Low taxes always surface as a key benefit for operating a business in South Carolina. Below, you’ll find a breakdown of taxes your company can expect.
Corporate Income Tax
Companies pay a state corporate income tax on income allocated to South Carolina operations (interest, dividends, royalties, rents, property sale gains and losses, and personal services income) and income apportioned to the operations (based on payroll, property, and sales factors with S.C. sales being double-weighted). A 5% corporate income tax rate applies to the sum of these incomes, and the resulting figure forms the company’s state corporate income tax.
Corporate Franchise Tax and License Fee
All companies must pay an annual state corporate franchise tax.
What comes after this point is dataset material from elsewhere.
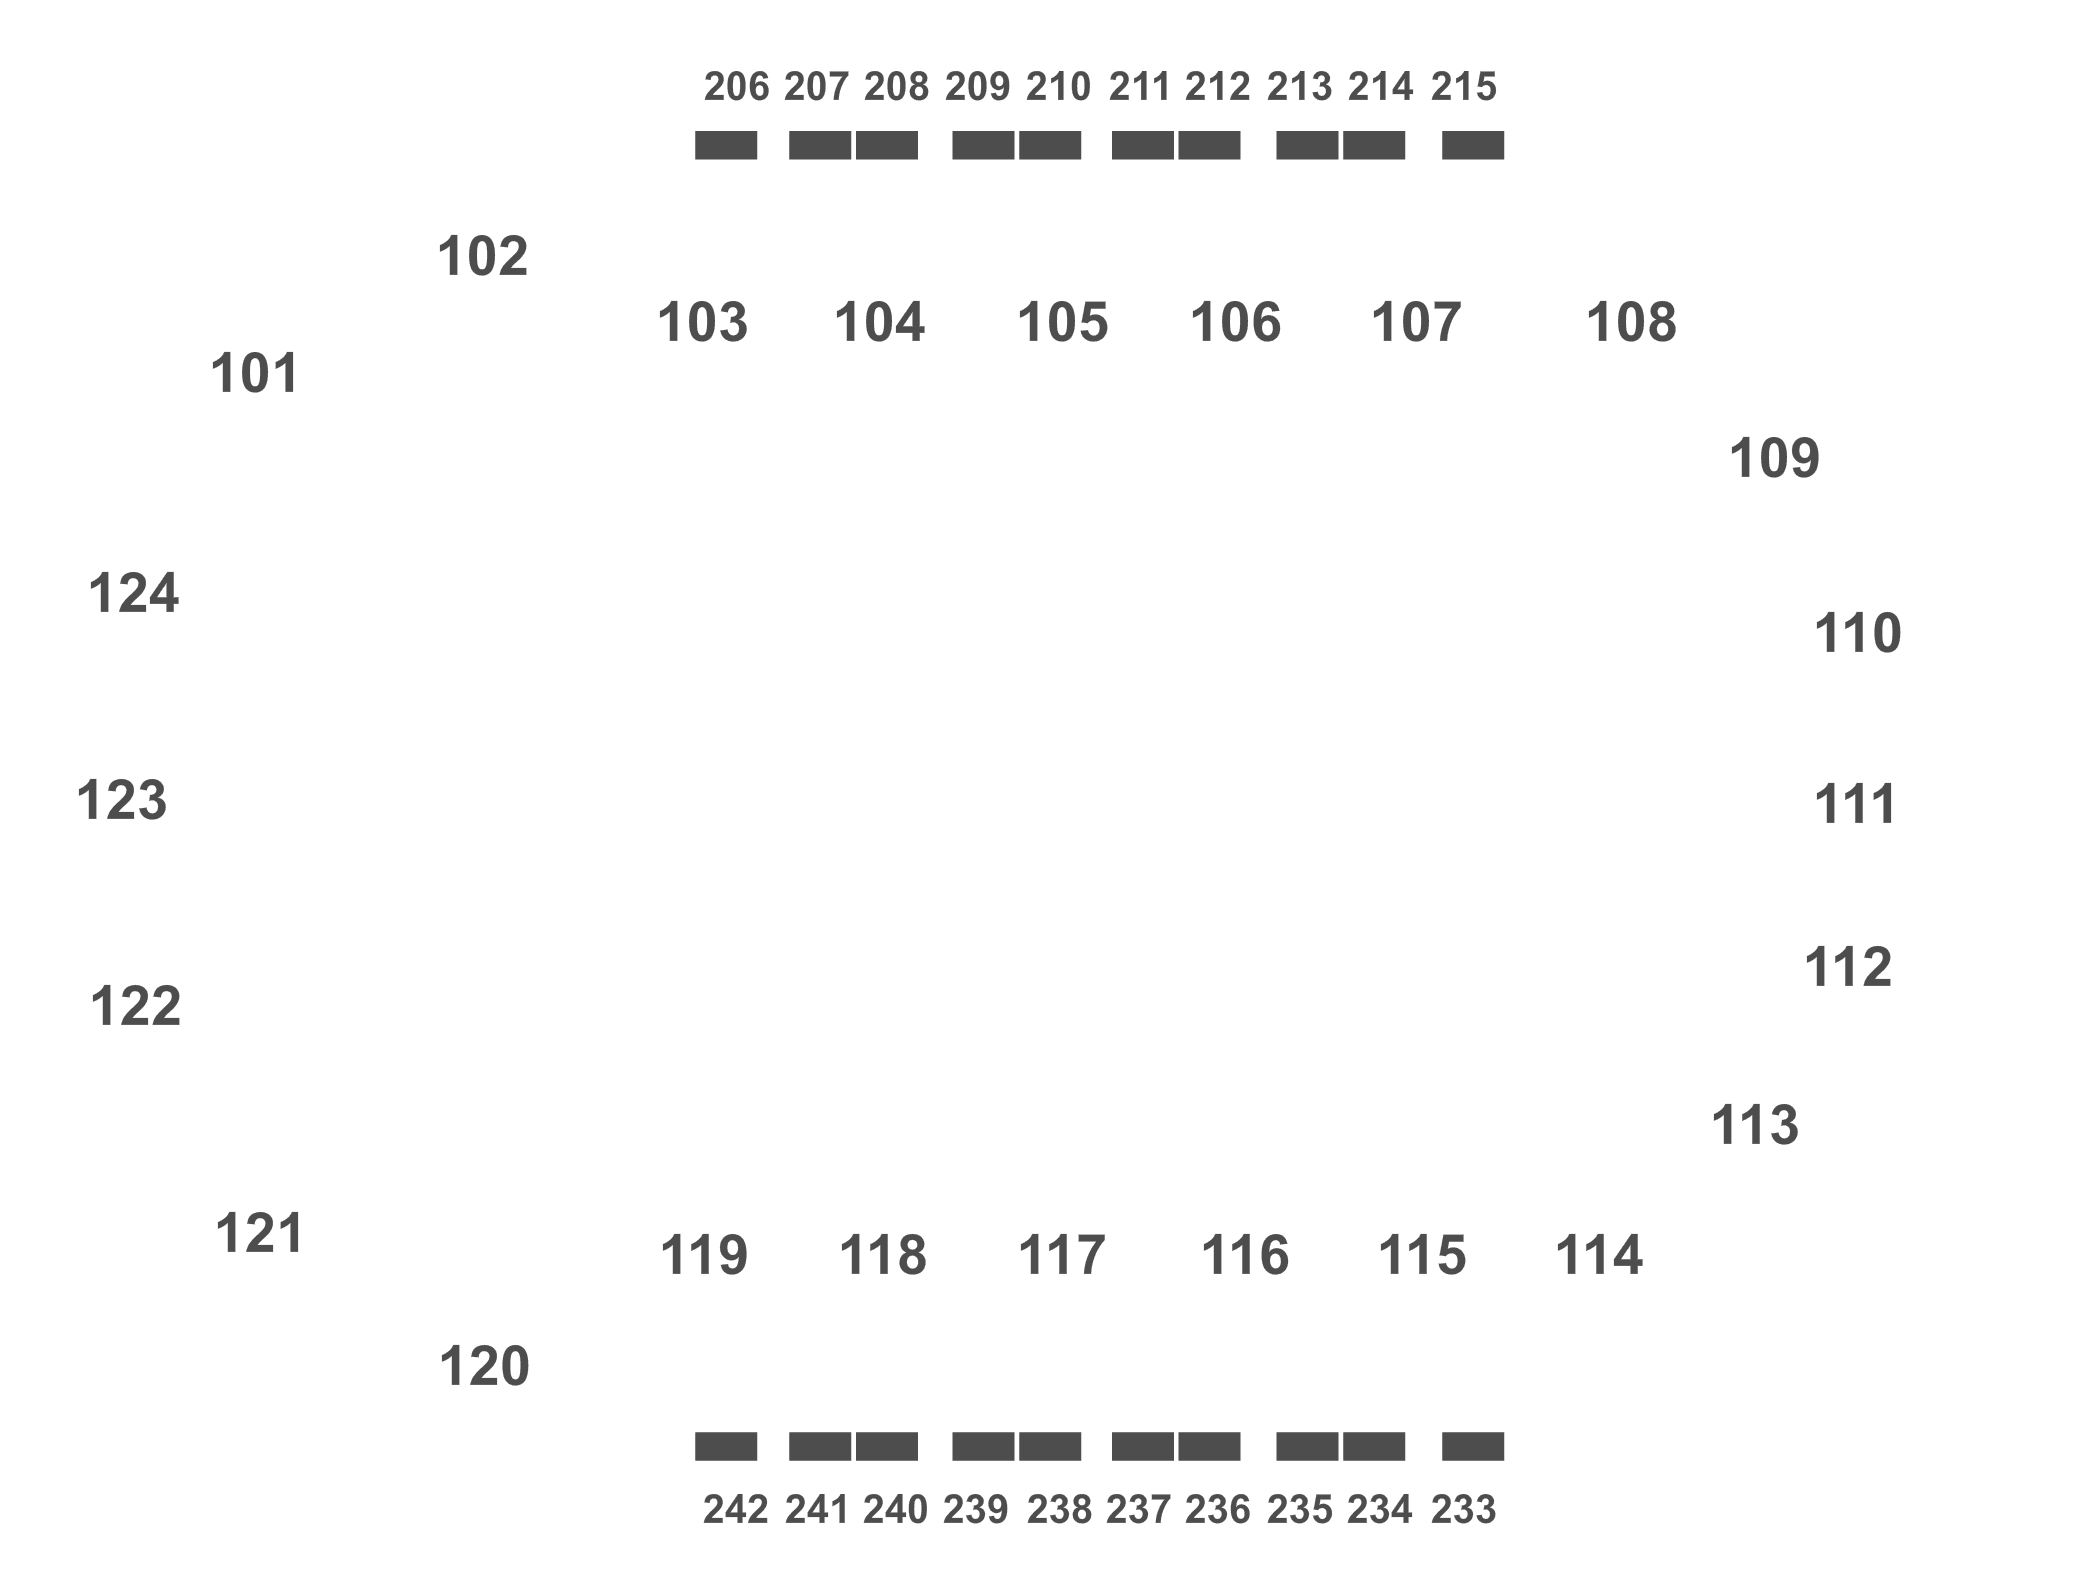 Santander Arena Floor Seating Chart

The rate equals one mill ($0.001) per dollar of a proportion of total paid-in-capital and paid-in-surplus (earned surplus is not included), plus an annual $15 license fee. For multi-state corporations, the license fee is determined by apportionment in the same manner employed in computing apportioned corporate income.
Taxes on real property (land and buildings) and personal property (machinery and equipment) for manufacturers are only levied by a local (county and/or city) government. Personal property can depreciate annually (beginning the 1st year) at a rate established by state law. Generally, this rate is 11% per year and depreciates to a residual level of 10% of the original property value. Real and personal property for manufacturers are assessed at 10.5% of fair market value. A local millage rate applies to the assessed value of all property to determine the value of the tax. Millage rates are determined annually by local governments and include a school operating portion (approximately 67%) and a county operating portion (approximately 33%).
South Carolina requires a 6% state tax on sales and usage. Some counties (by approval of a majority of county voters) assess an additional 1% local sales tax for county capital projects (passed in 2008) and 1% for general use. (The latter percentage, however, is offset by a state-mandated credit to real property taxes.)